I don’t know. That’s why I asked. So that I won’t make a wrong buy.
Currently, I’ve got no hardware to test expected open source code available on github.
Before rushing to buy hardware, make a quick search for bluetooth protocol of your devices. If you need to reverse engineer them without previous experience of BLE, the task might offer you fun for some time…
If your pump has another port for interfacing like a rj45 that would probably be way easier than dealing with Bluetooth. Noting higher voltage control logic would need handling.
With bluetooth I though about capturing an replaying data flow, software oriented/tool oriented. With physical voltage handling, even digital, it’s more hardware!

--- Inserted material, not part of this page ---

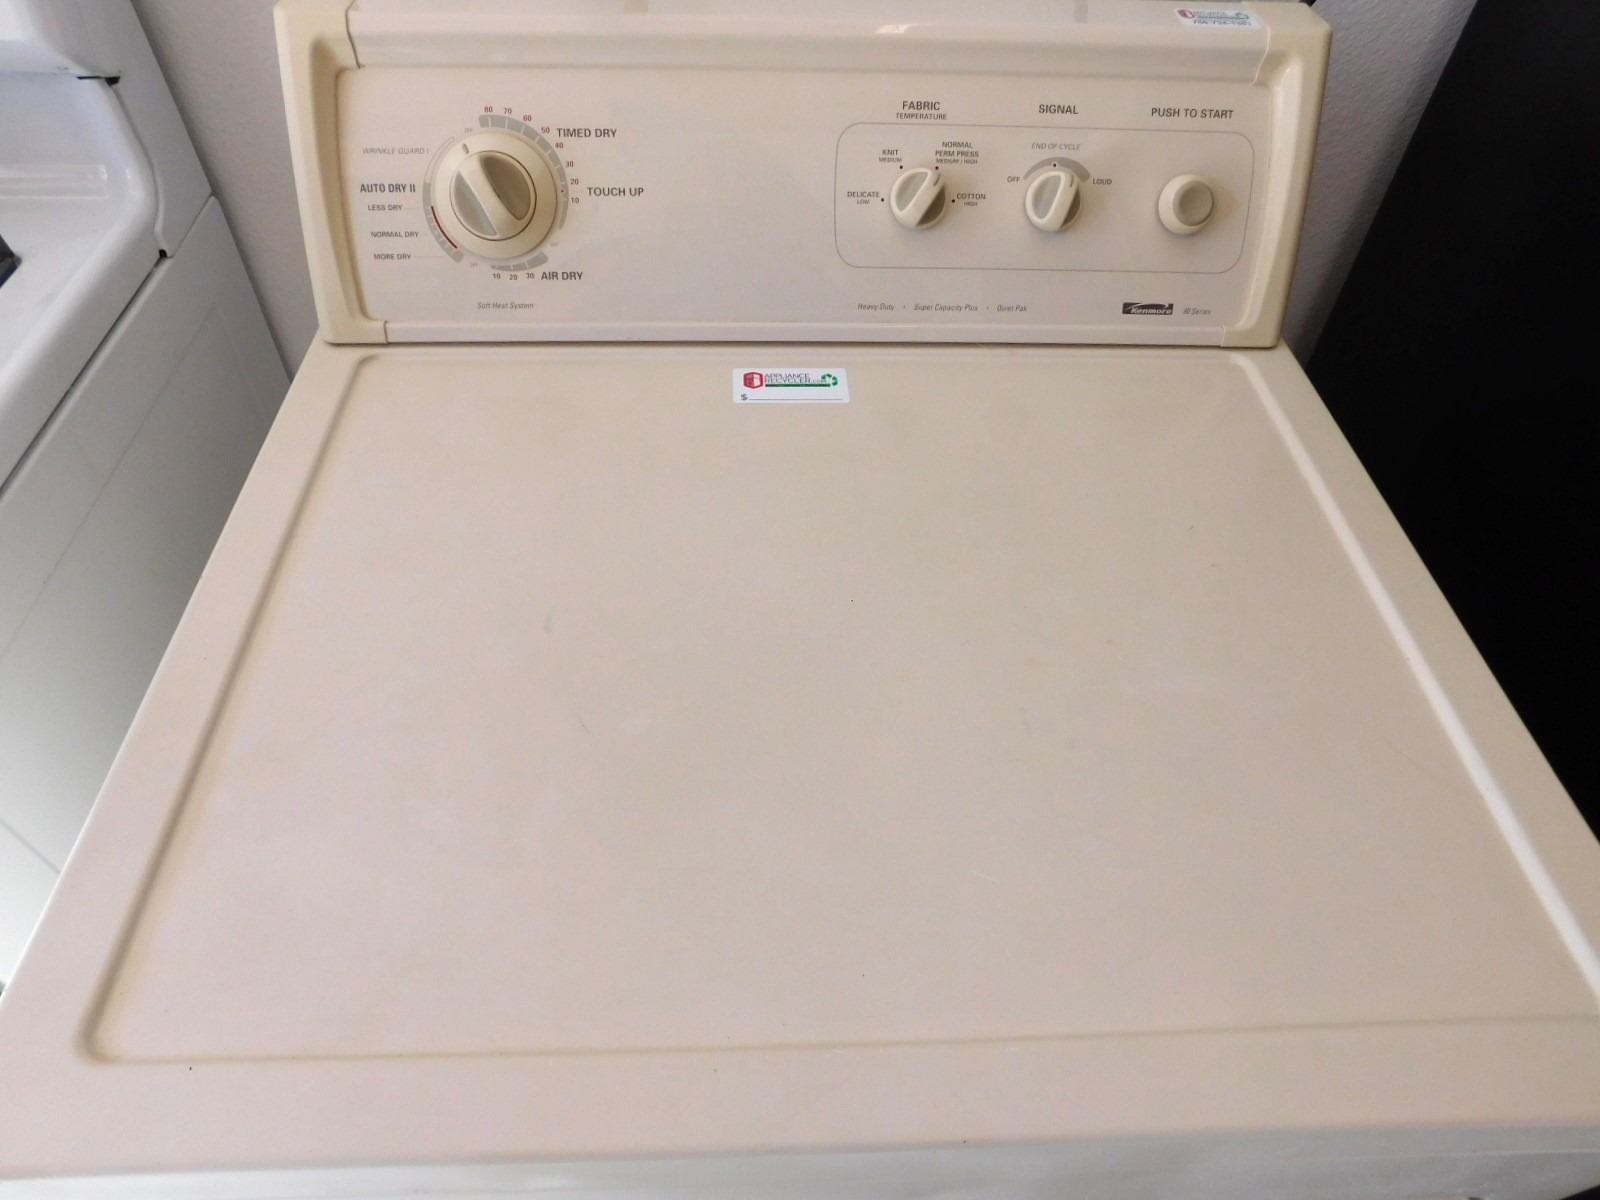 Kenmore 70 Series Heavy Duty Washer and Dryer (( Local Pick up only))

Depends a bit on your Bluetooth/programming experience a bit I reckon.
I have little and the times I looked into Bluetooth reverse engineering it was very involved and like a whole skill-set. Especially as it looks like there is a pairing process and so possibly encryption.

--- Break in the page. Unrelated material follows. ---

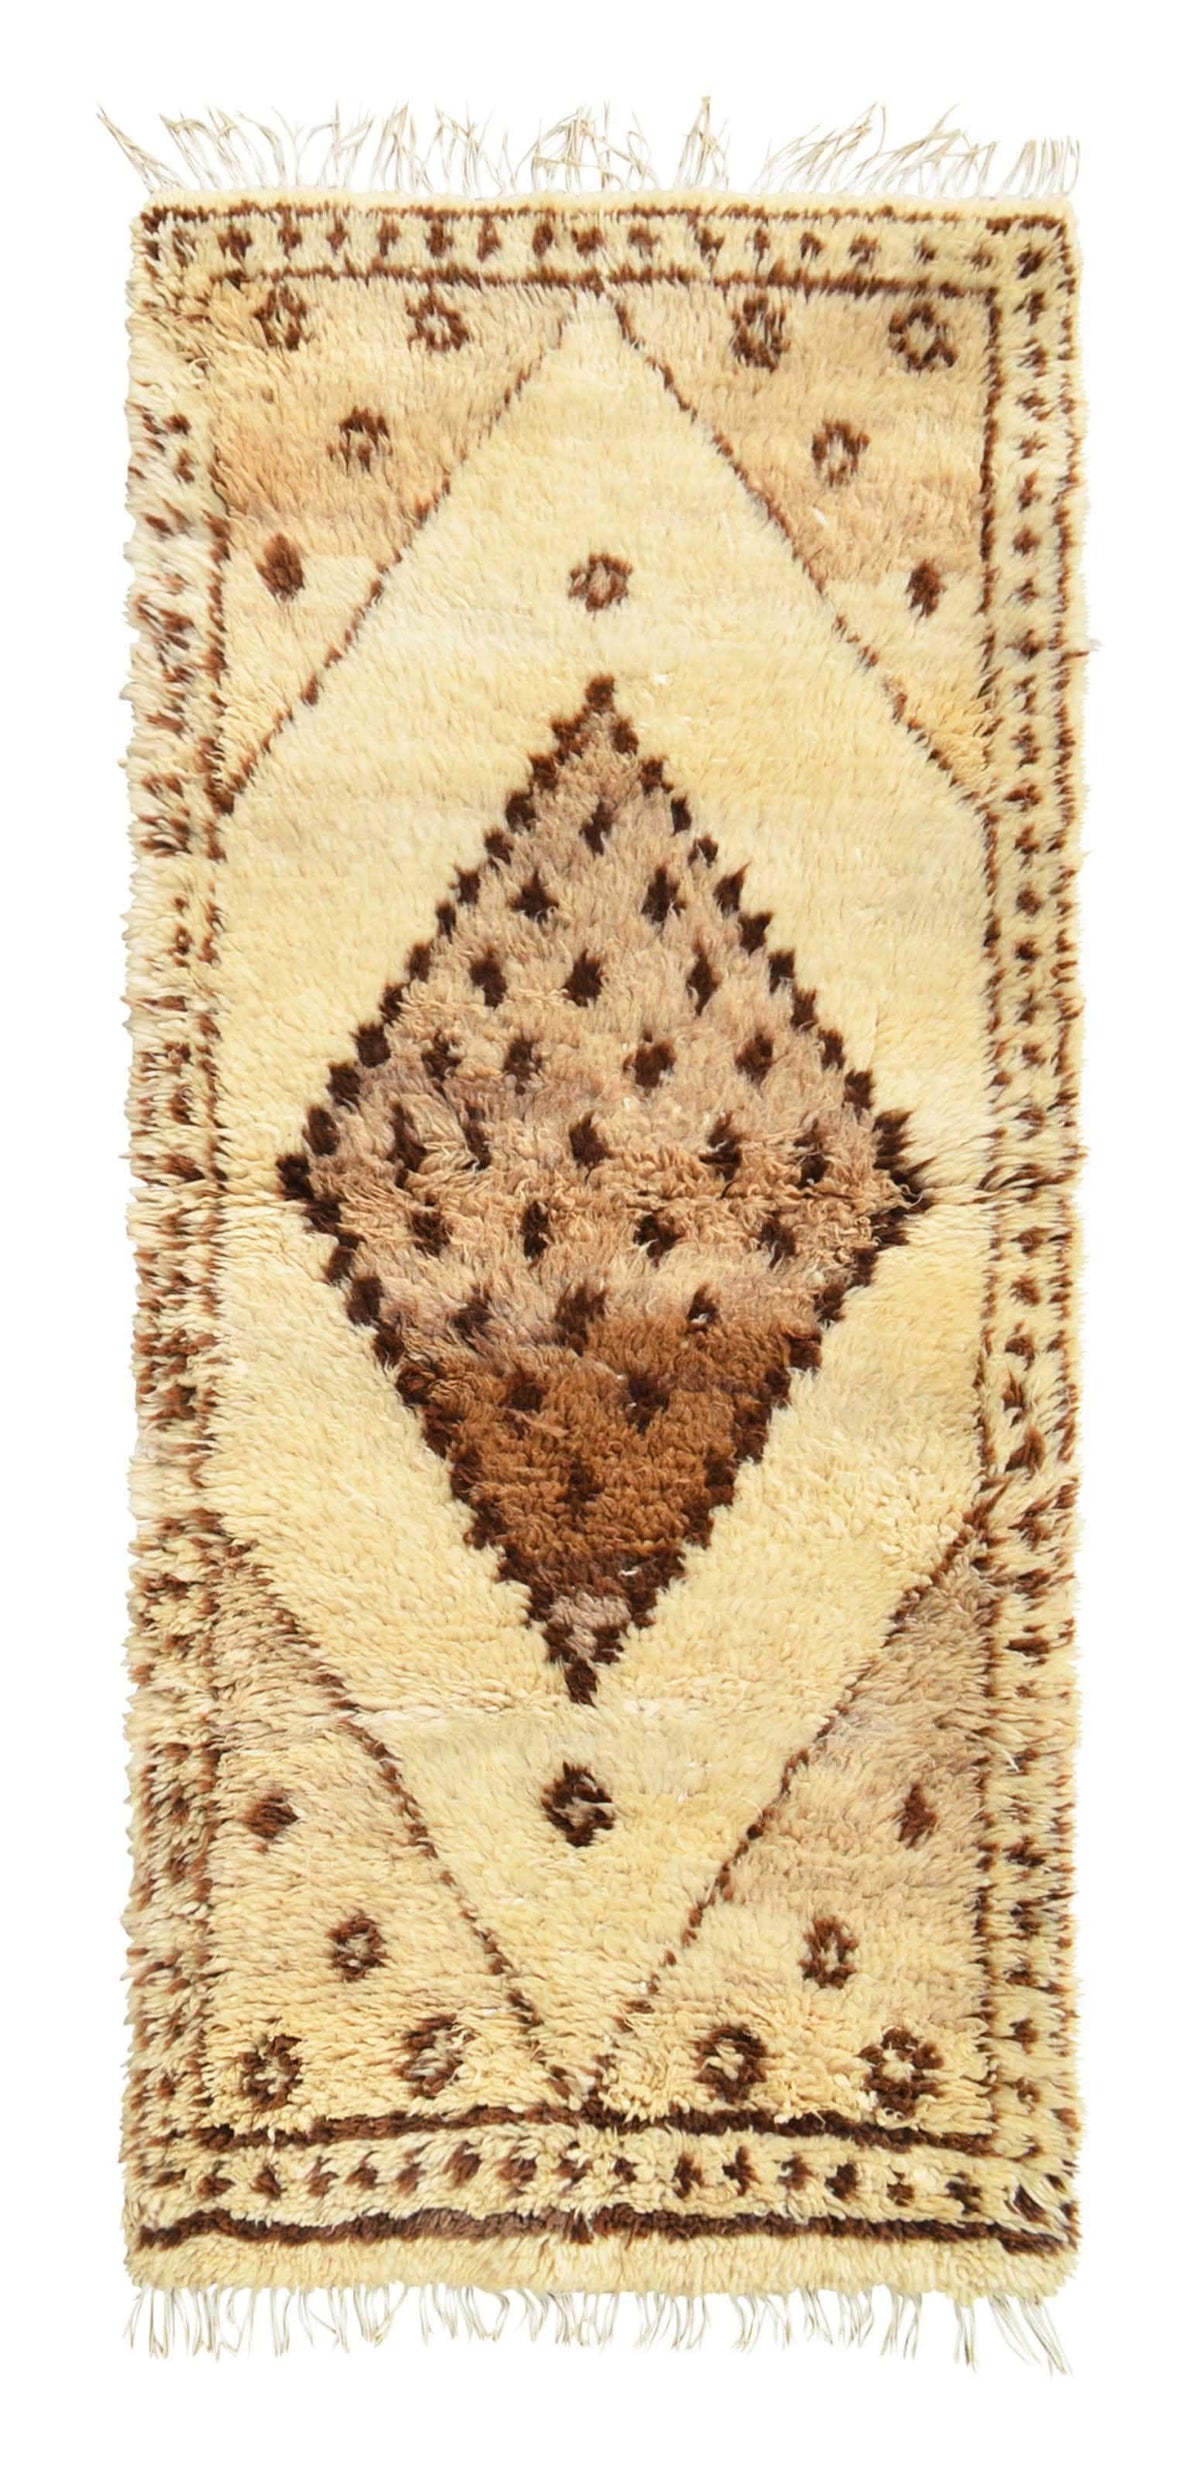 Vintage Moroccan Rug Vintage Art Deco Rugs - White And Brown Rugs - Illuminate Collective illuminate collective

It’s also not clear to me if it’s BLE or traditional Bluetooth. Only the former is possible with an esp32.
Worth looking at but keep an eye on alternatives. I don’t think the extra hardware would be worth that much.
Vendor feedback: they aren’t aware of any initiative to connect the pump using bluetooth except the official mobile apps, and also suggest to use RJ45 port…
Take this as a grain of salt as I am a protocol and reverse engineering rookie and speculating, but it could be that the pump uses rs485 modbus for onboard communication (two way half duplex?).
The onboard Bluetooth module might convert to this when a bluetooth command is sent/received. The same protocol might be available on the rj45 rs485 wires.
I’ve never used modbus so wouldn’t know how to confirm.
It would be interesting to see the mainboard and where the Bluetooth module is. You might be able to intecept something.